Funding is provided for film projects selected on a competitive basis by an expert National Creative Committee. Grants provide at least 30% and up to 80% of the film's budget.

Since 2005, the BNFC has represented Bulgaria in the European Film Promotion organisation. It also works in cooperation with public broadcaster Bulgarian National Television, the Bulgarian National Film Archive, the Union of Bulgarian Filmmakers and other organisations in the field of audiovisual in the production, distribution and preservation of Bulgarian films

The NFC is located at 2A Dondukov Blvd in Sofia.

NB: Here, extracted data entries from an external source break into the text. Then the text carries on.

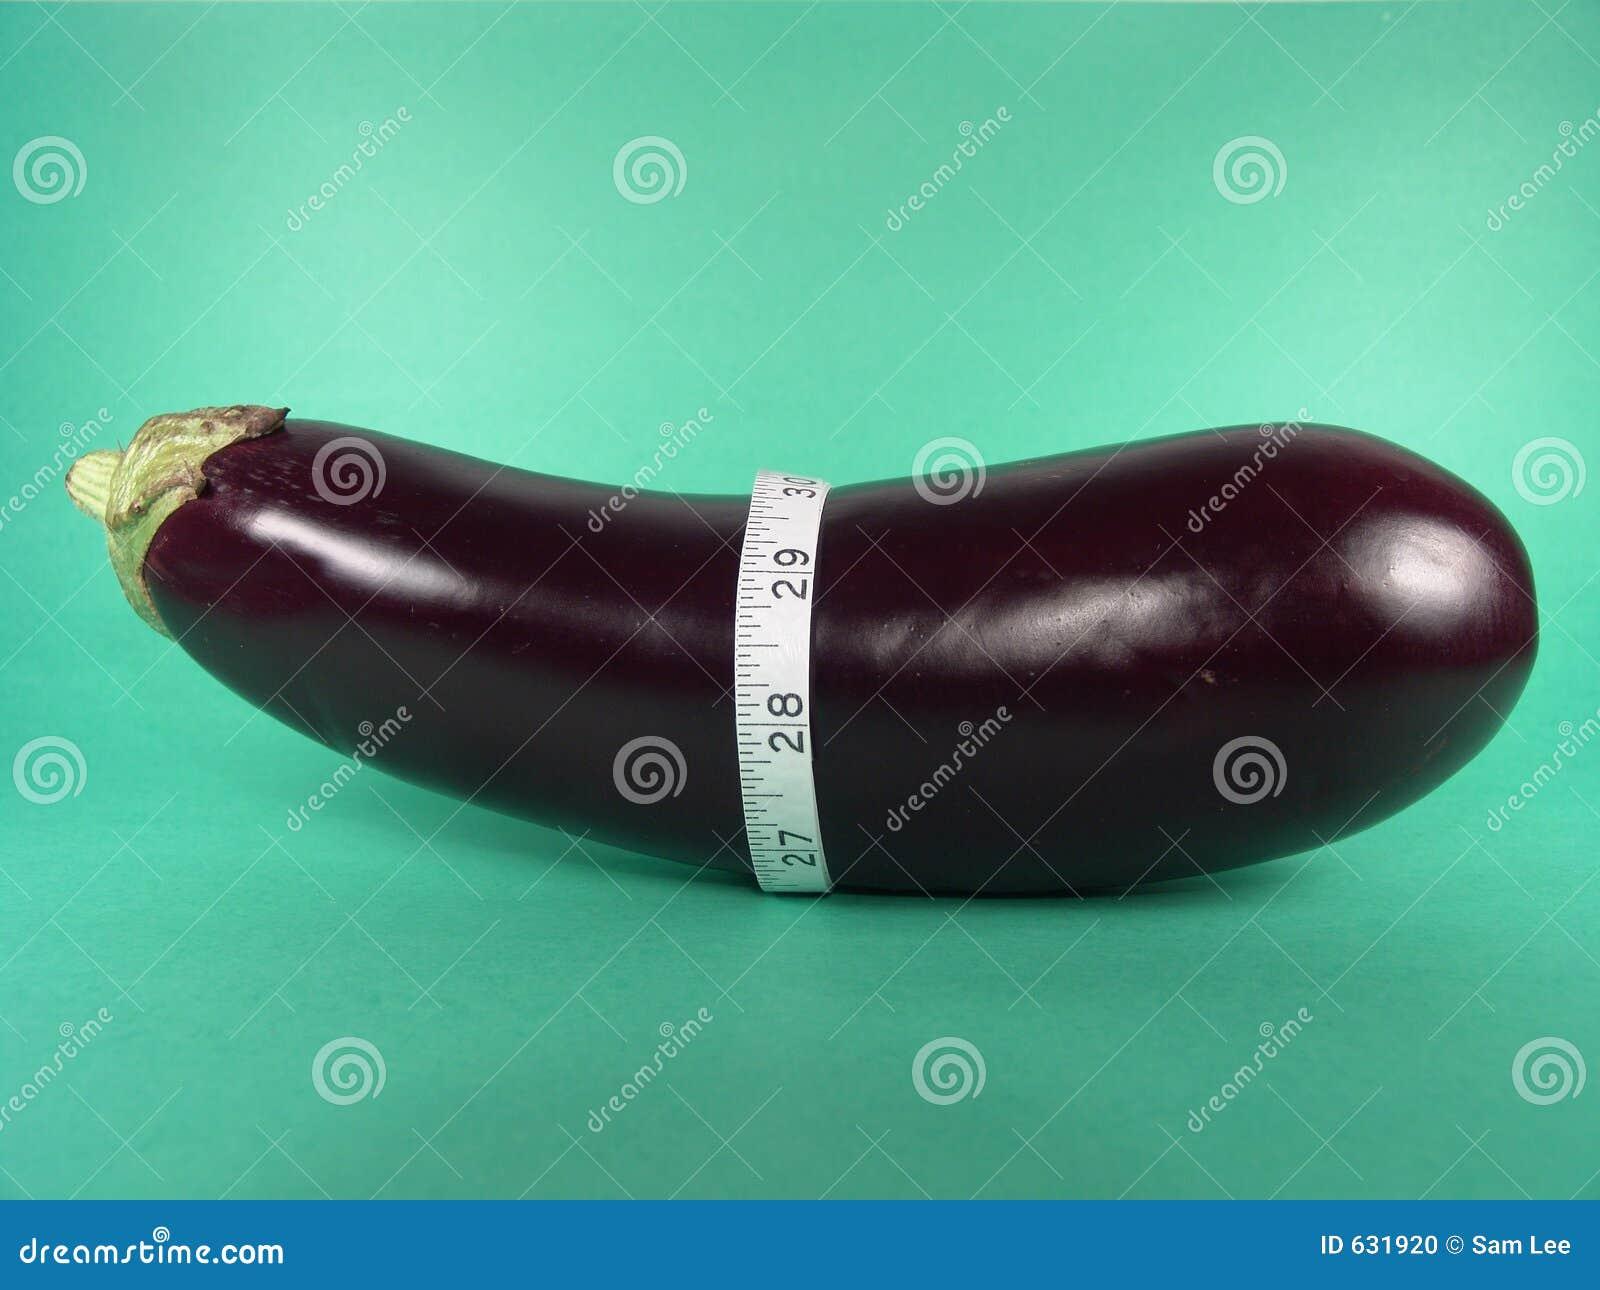 Eggplant Measuring Tape
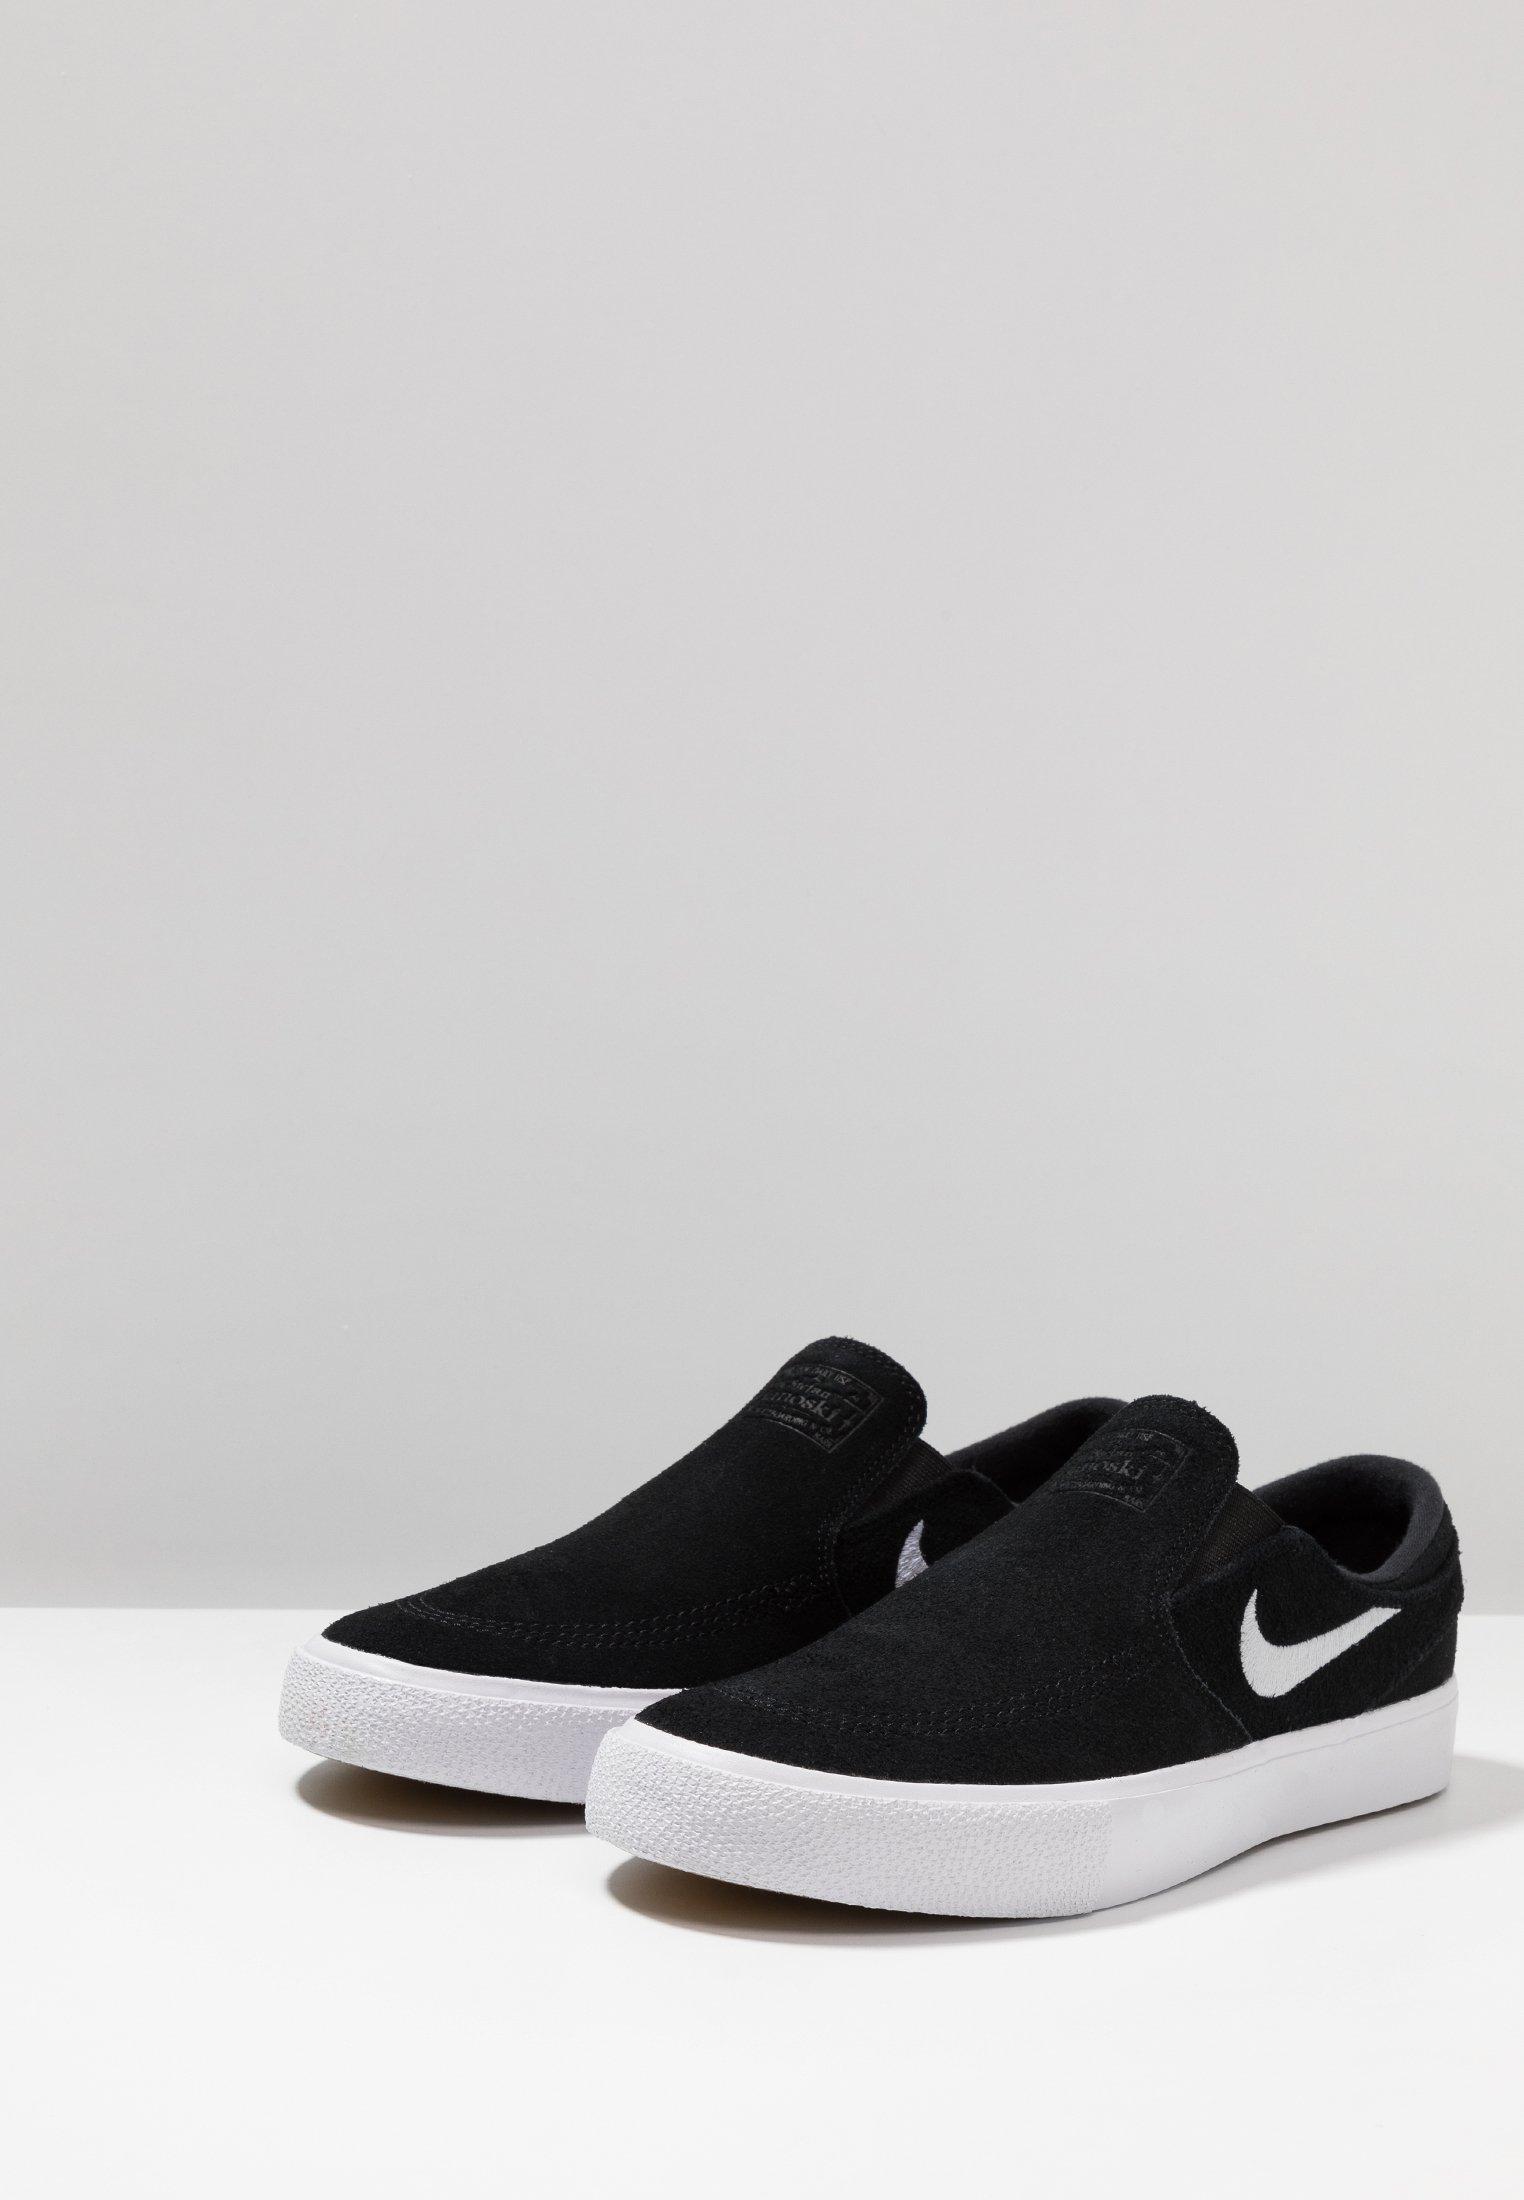 Scarpe da donna Nike SB ZOOM JANOSKI Scarpe senza lacci black/white
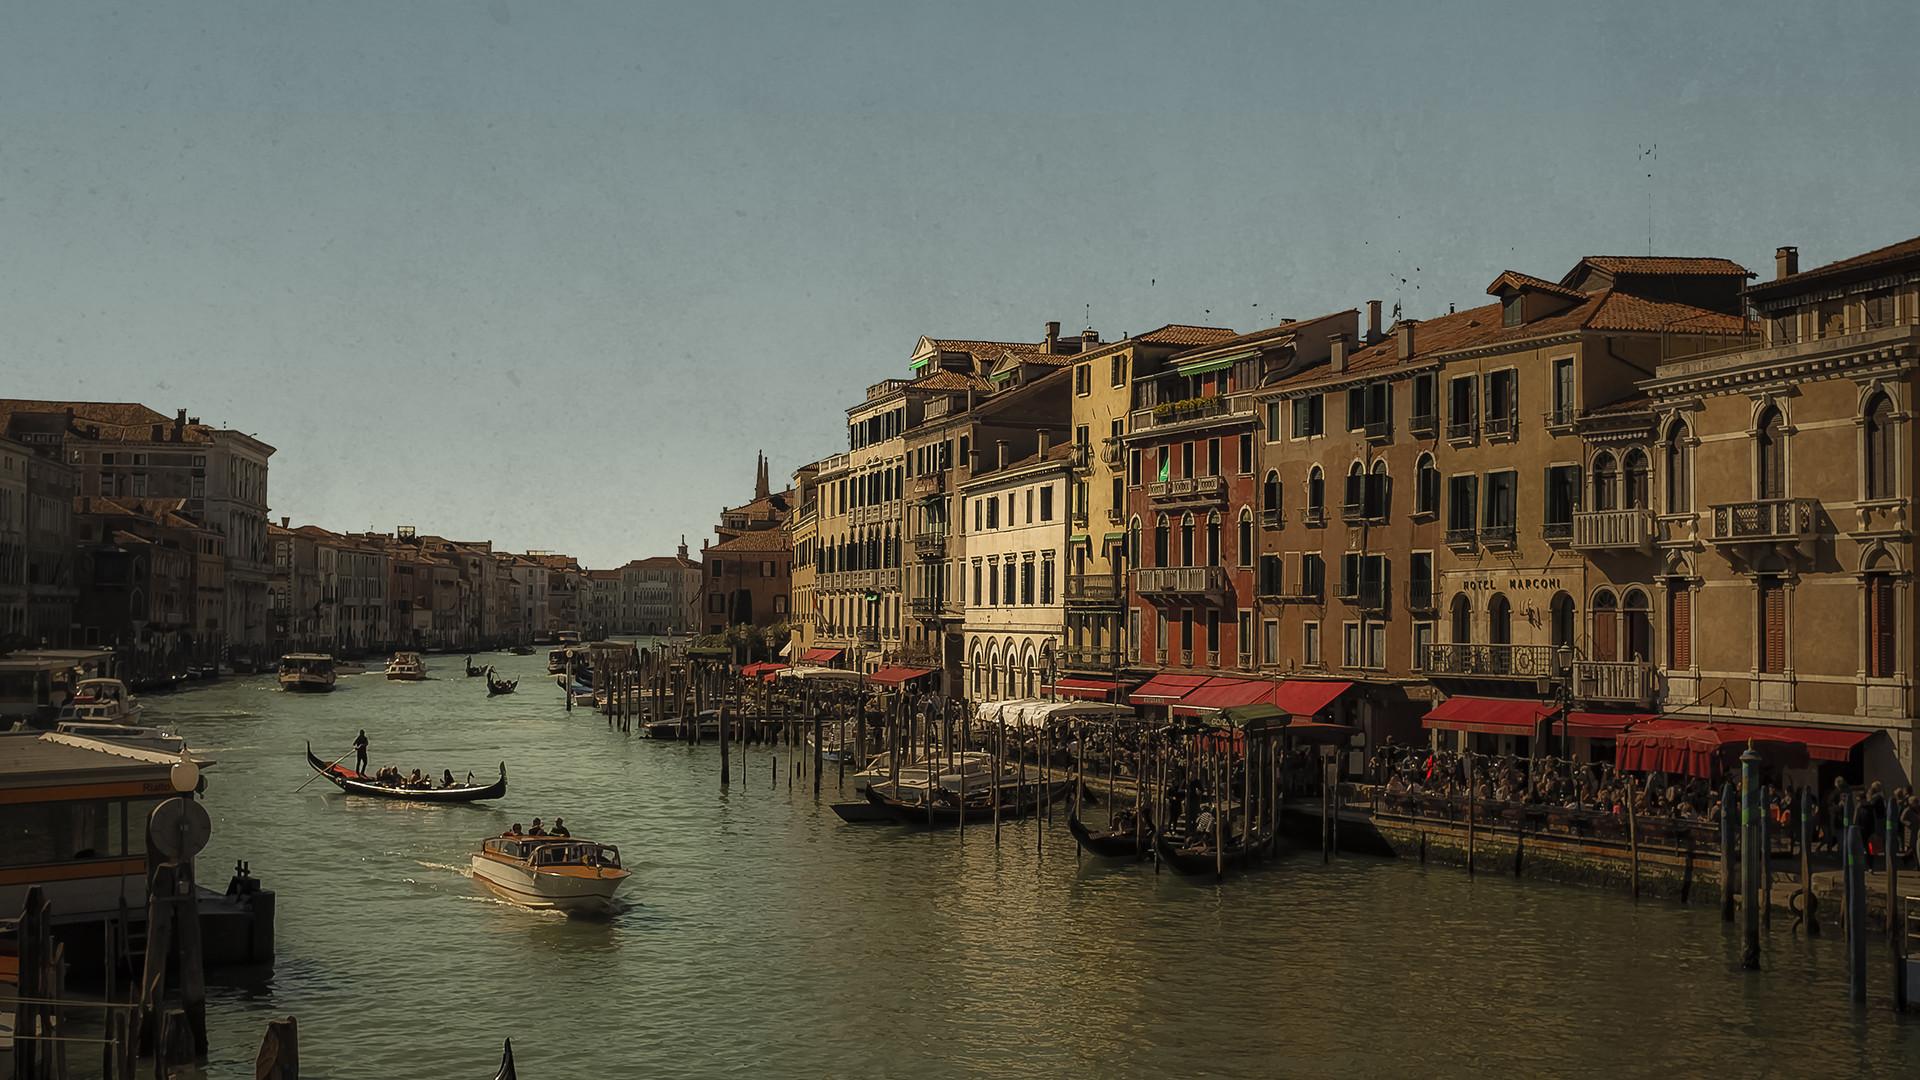 Canal from the Realto Bridge

====Academy Award selections====
Bulgarian entries for the Academy Award for Best International Feature Film have been submitted since 1970. Until 2007, they were selected by the Bulgarian National Council on Cinema, and from 2007, by the Bulgarian National Film Council. The body was referred to as Bulgarian National Cinema Council in 2019, when it was presided over by producer Vladimir Andreev, and selected Ága as the Bulgarian entry.

In 2024, the film Triumph was selected as the Bulgarian entry for the Academy Award for Best International Feature Film, by a unanimous decision of a five-member selection committee appointed by the BNFC.

===Bulgarian National Film Archive===
The Bulgarian National Film Archive is another legal entity under the Ministry of Culture. It was established to acquire, restore, preserve, and store film and film-related archival artefacts of Bulgarian and international culture.